Another goal of Gazprom is to buy as many "downstream" energy facilities, like refineries, as it can in Europe. This allows Russia to control both the flow of gas and how it is distributed. A coming difficulty for GaZPROM is that it is going to have trouble supplying its market. Russia has been so successful in inceasing Europe's gas dependency on Russia that its customers are far more numerous than its potential to supply gas. This is exacerbated by Gazprom's move into the east Asian market.

The intriguing and dangerous question is what does the Russian government intend to do about Gazprom's coming inability to supply Eruope with gas.

In this inadequate and brief description we see that the narrative about Russia that was built in the West in the 1990s was largely fictitious fantasy based upon our hopes of what Russia was becoming as opposed to what it was, has been and is.

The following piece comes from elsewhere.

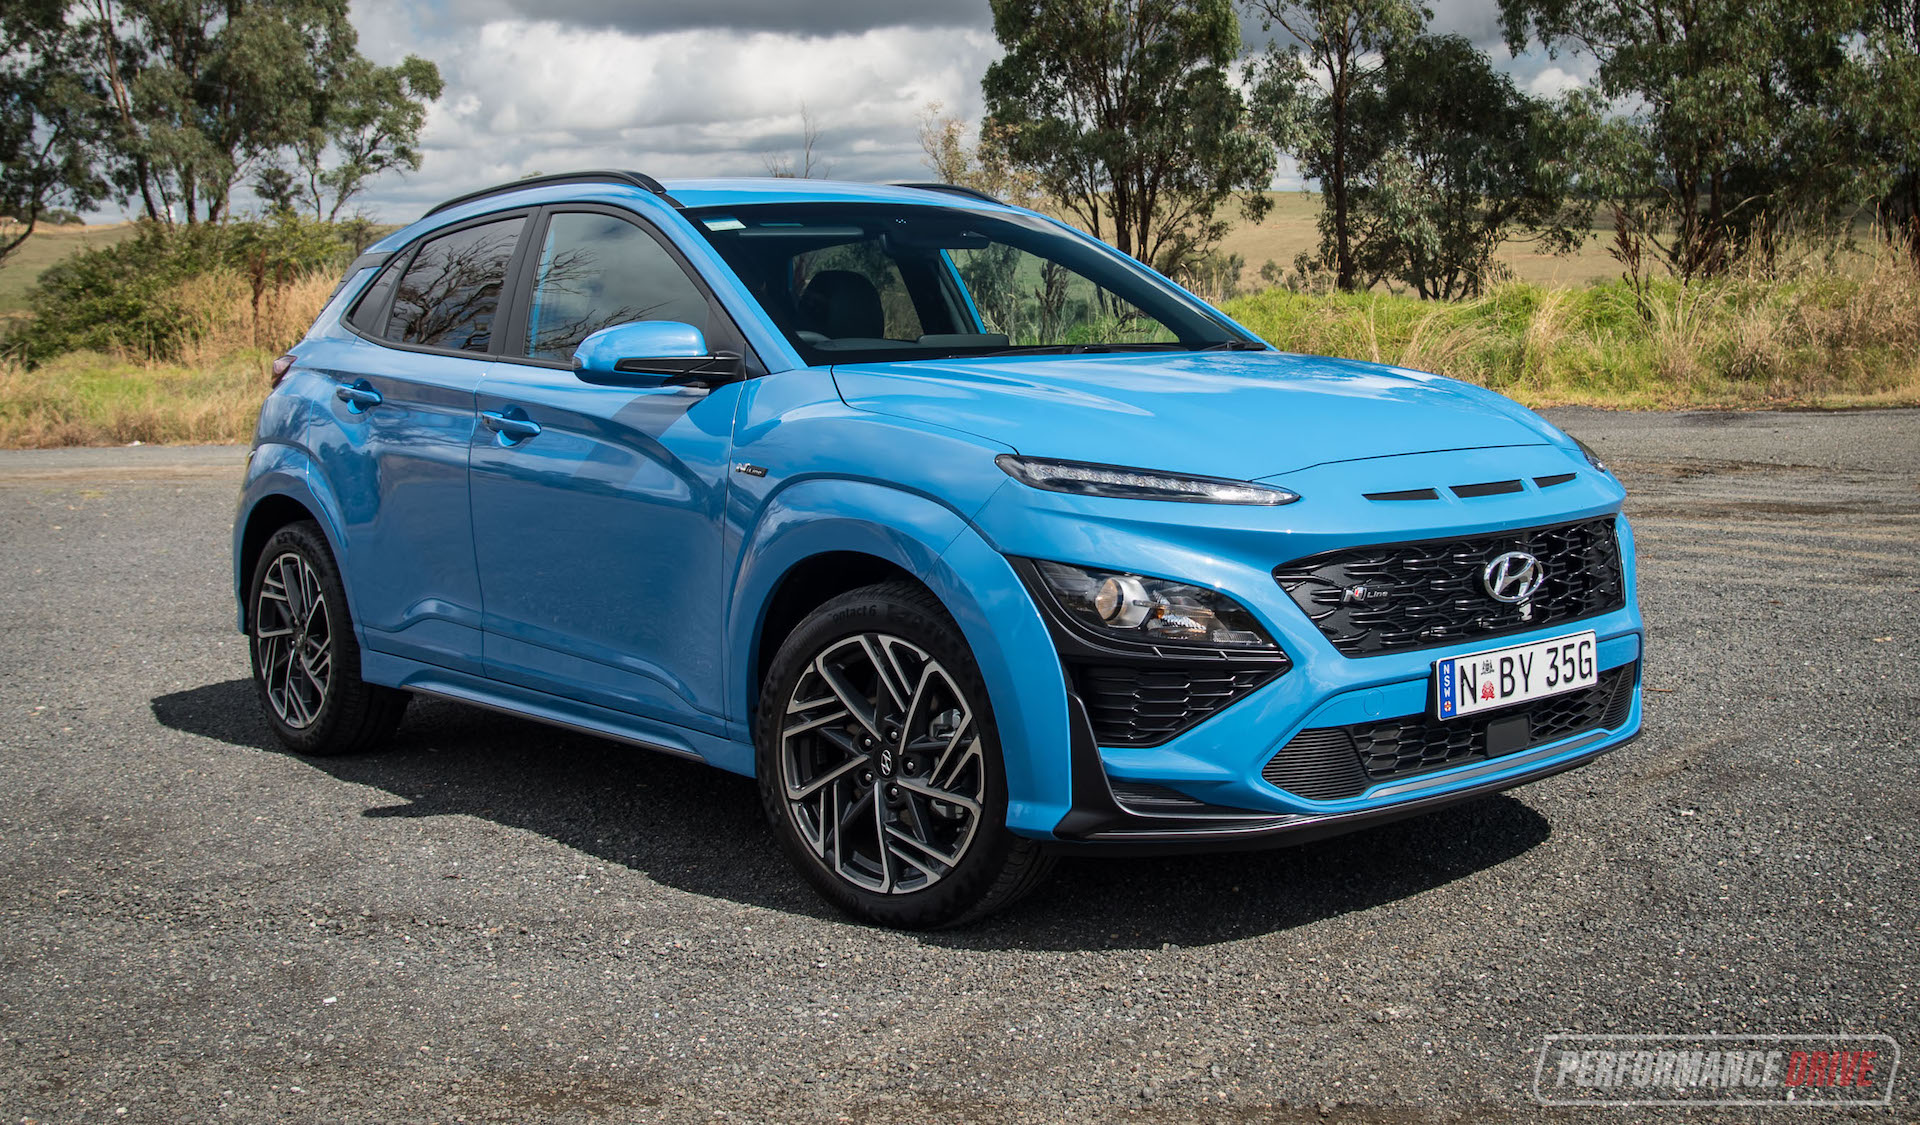 2021 Hyundai Kona review - Australian launch (video) | PerformanceDrive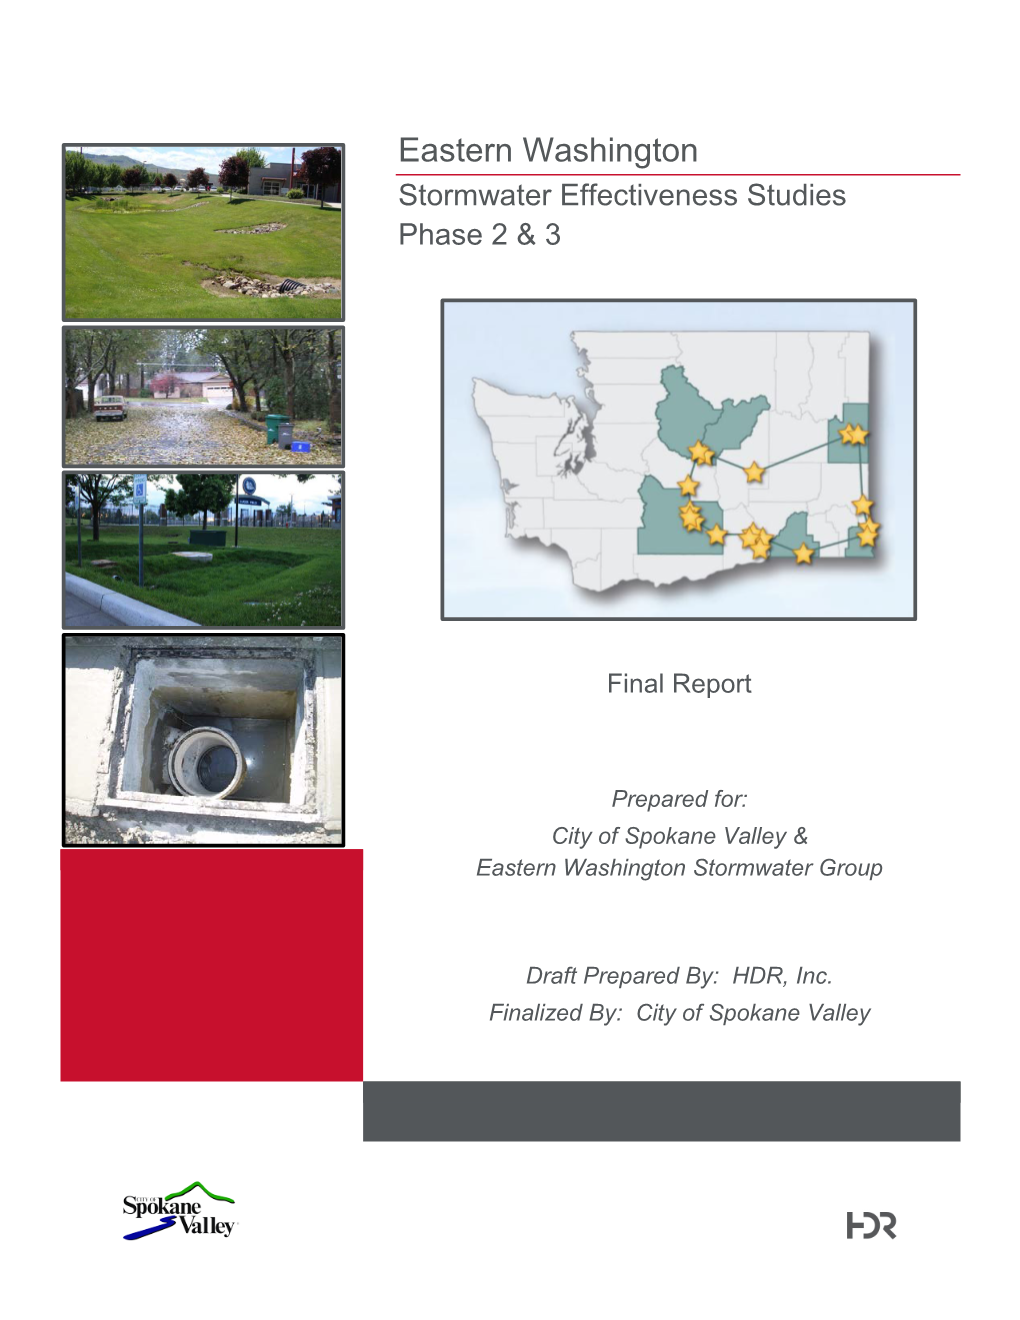 Eastern Washington Stormwater Effectiveness Studies Phase 2 & 3

It is a highly aggressive state who sees the United States as it strategic adversary and likely enemy. It centralizes power internally in order to more fully and deliberately project power externally. It aligns itself with nations from China to Iran to Venezuela who have the same ideological, anti-democratic and anti-American ideas as itself. Russia uses power much more effectively and deceptively than did the Soviet Union. It uses and penetrates markets in order to get ready cash. It uses gas and oil as a weapon. It outwardly fights Islamists while with the other hand embracing Islamic terror states like Iran. It used and uses false and phony opposition and ruling parties in eastern Europe to maintain a deceptively large amount of control over its former satellite states. It does this because, other than with the notable exception of Poland, the internal security services of those nations are still controlled by old KGB structures that were never rooted out.

Most of all, it takes advantage of the still pervasive anti-Americanism in the world and the growing conspiricism/cynicism of the American people for its own ends.

President Bush was a certifiable disaster in his Russia policies. He propped up Putin at every turn. Lets us hope that President Obama pursues a wiser policy of active opposition to Russian authoritarianism at home and growing agressiveness abroad.